Eckard,
You stated:
"If I understood you correctly, you argued that redundancy might be to blame for some problems. While this comes close to suspicions I uttered in the last but two (?) essay of mine, I feel too weak as to intensively deal with this matter. Looking for EPR-Bohm, I found an illustration of how to imagine a full rotation over not 2 pi but 4 pi"
Let me address your last point first. This is something I learned while taking a class in Quantum Field Theory, 40 years ago: cut out a piece of cardboard in the shape of a capital letter "L". Tape one end of a piece of string (total of three pieces) to each of the three points at the ends of the two line-segments that form the "L". Then tape the other end of each string to a table top, so that the strings are laid out flat and untangled. Now rotate (flip) the "L" by 2 pi (360 degrees). This will entangle the strings in such a manner that they cannot be untangled without un-taping the stings. However, if you rotate the "L" by an additional 2 pi, it is possible to untangle the strings without removing the tape: so a 4 pi rotation brings the device back to a zero-pi state, but a 2 pi rotation does not.
The first point is not exactly a case of redundancy, rather, it is a case of misinterpretation, as the result of using bad analogies to visualize the problem. For example, in Roger Penrose's book "The Emperor's New Mind", Penrose discusses the EPR paradox, and makes a bad analogy between two entangled spin-one-half particles and a pair of balls, one white and one black. Penrose says that " Suppose that the balls are taken out and removed to two opposite corners of the room, without either being looked at. Then if one ball is examined and found to be white - hey presto - the other turns out to be black..."
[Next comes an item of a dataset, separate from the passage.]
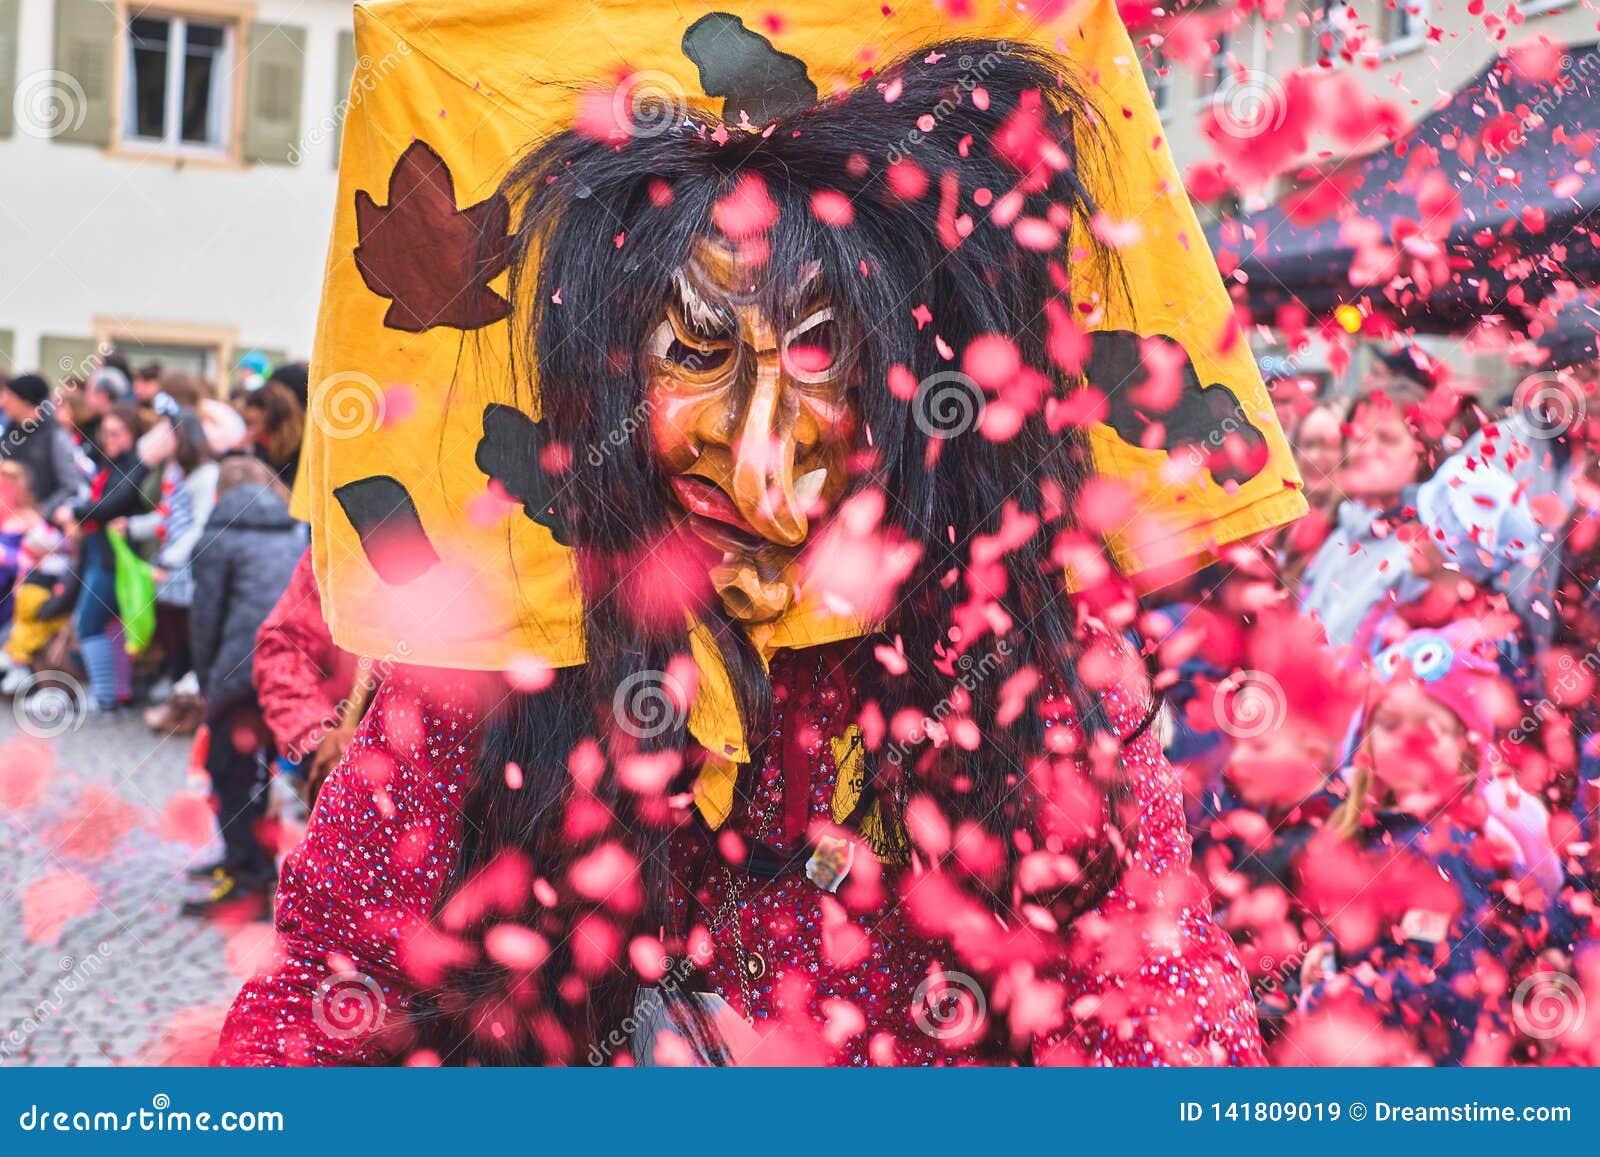 De heks met lang haar werpt rode confettien in de lucht Straat Carnaval in zuidelijk Duitsland - Zwart Bos

Others have used a pair of cloves, as another bad analogy. The reason that these are both bad analogies is the the whiteness or blackness of the ball, like the handedness of the cloves is an actual attribute, or property, of those objects.
The false claim is then made, that there is no other classical analogy for which this would not be the case. But there is such an analogy: two parallel or anti-parralel coins, floating in space. The heads or tails of the coins, like the up or down spin of the particle, is not an attribute of the coins per se. Thus, neither coin is in the state of being either heads or tails, until an observer chooses to treat it as though it is. But as soon as the observer makes such a choice - hey presto - the state of the entangled coin is also known. No "weird non-local" phenomenon is needed to explain such behaviors. A better analogy will suffice.
But how do you describe this correct analogy mathematically. Somehow or other, symbols/variables must appear in the mathematical description, that refer to the observer's yet-to-be-made choice, and not just the properties of the coins; they pertain to the aspect angle which the observer must choses when the coin is finally observed.
If you misinterpret these extra symbols/variables as being attributes of the coins themselves, then you will encounter all the same weirdness found in the EPR paradox.
In his original paper, Bell never even imagined such a possibility, so he failed to consider it. Later, more astute physicists, like Bernard d'Espagnat, in his Nov., 1979 article in Scientific American, took note of this problem. Nevertheless, he dismissed the problem because he was unaware of the coin analogy. Hence, he claimed that "the physicist has been led to the conclusion that both protons in each pair have definite spin components at all times..."
In other words, he believes that, like the balls and gloves analogies, which do indeed have definite states at all times, ALL classical analogies MUST have definite states at all times, even before they are ever observed. But the coins do not.
Joy Cristian claims that Bell made a MATH mistake. I claim Bell made a much more fundamental mistake in the PHYSICS. My claim is that EVEN IF BELL"S THEOREM WERE VALID, it has no relevance to PHYSICS, because the only thing linking the MATH to the PHYSICS is a set of bad analogies and misinterpretations about what the symbols appearing in Bell's equations actually symbolize. They DO NOT symbolize attributes of the particles.
It is also significant that d'Espagnat took note of the fact that Bell had to introduce this unstated, additional assumption (that there is a one-to-one mapping between the variables in the math and the physical attributes of the particles), precisely because this assumption was never made anywhere else within QM, because it is not needed. It is only needed to reach Bell's erroneous conclusion.